Theoretical Simulation on Regulating the Magnetic Coupling Properties of Diradical Artificial Bases.

Abstract

In this work, we computationally designed a series of diradical molecules with obvious magnetic coupling properties based on newly synthesized artificial bases, 6-amino-3-(1'-β-d-2'-deoxyribofuranosyl)-5-nitro-1H-pyridin-2-one (Z), 2-amino-8-(1'-β-d-2'-deoxyribofuranosyl)-imidazo-[1,2a]-1,3,5-triazin-[8H]-4-one (P), 6-amino-9[(1'-β-d-2'-deoxyribofuranosyl)-4-hydroxy-5-(hydroxymethyl)-oxolan-2-yl]-1H-purin-2-one (B), and found two methods (base pairing and nitro group rotation) of regulating the magnetic magnitude, making them become magnetic switches with promising prospects. On one hand, the modified diradical artificial base P3 possesses an excellent magnetic exchange coupling constant due to its spin density concentration on a unique spin polarization path.

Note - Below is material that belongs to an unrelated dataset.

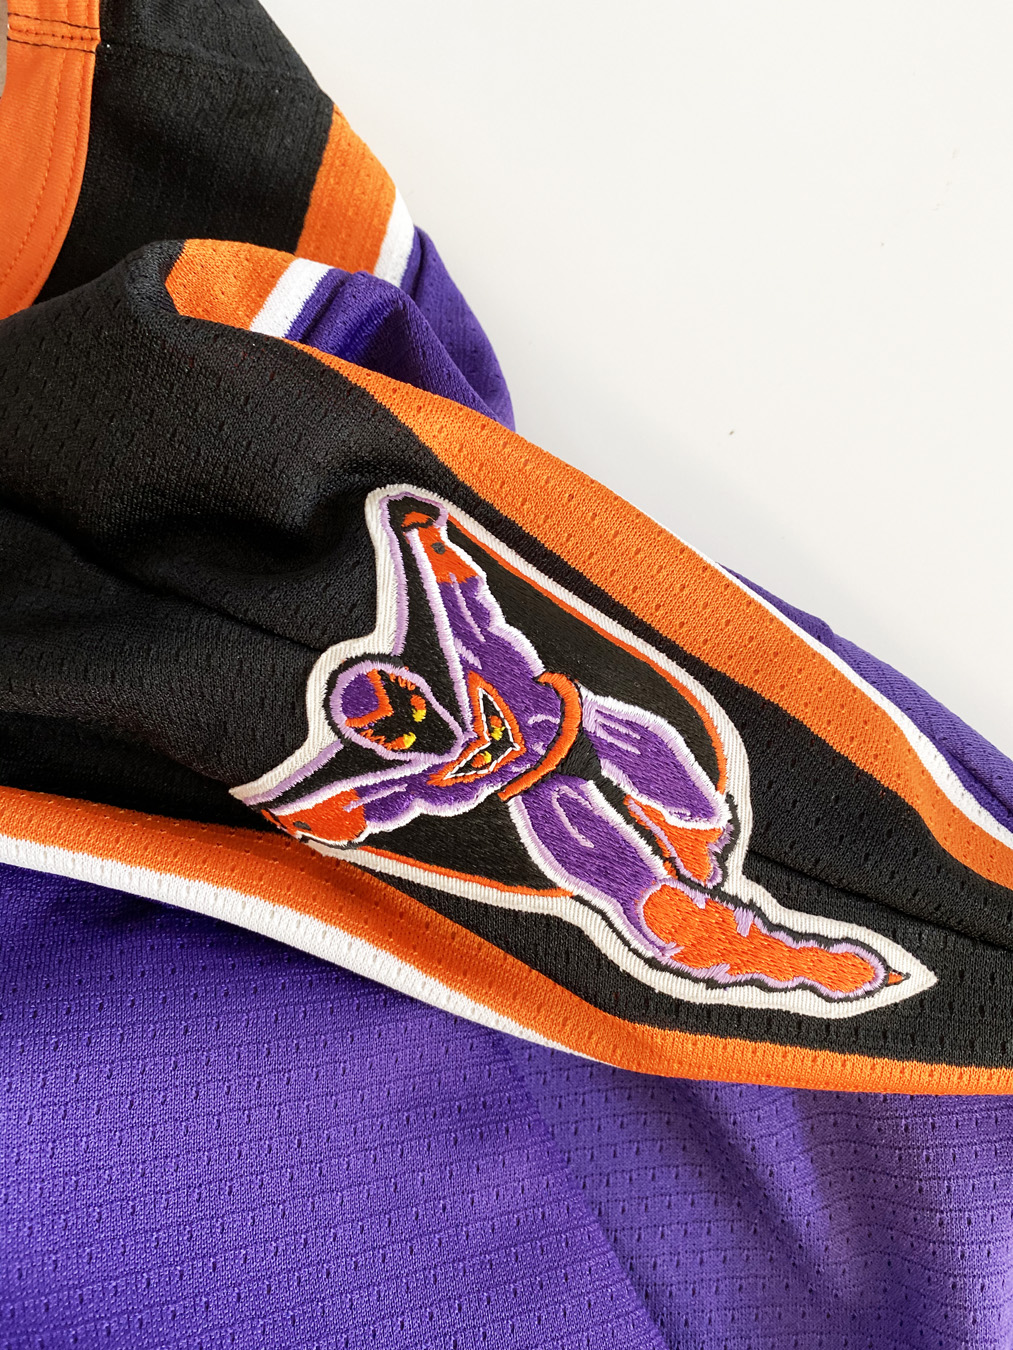 1997-98 Philadelphia Phantoms Authentic AHL Team Signed Hockey Jersey! –  Collectible Notes

Because of the serious mismatch between the singly occupied molecular orbital (SOMO) and the lowest unoccupied molecular orbital (LUMO) of Z-P3 base pairing, the magnetic coupling property of the Z-P3 base pair disappears, which indicates that the base pairing can be used as an effective means to regulate the molecular magnetic coupling properties. On the other hand, the investigation shows that the rotation of the nitro group on Z has an influence on the energy gaps between the closed-shell (CS) singlet and triplet (T) states of the base pairs formed by Z-analogues and thereby the expression of magnetic coupling properties. This work can help to develop the modification strategy of the diradical base and provide theoretical guidance for the design and synthesis of magnetic coupling materials with controllable magnetic coupling properties.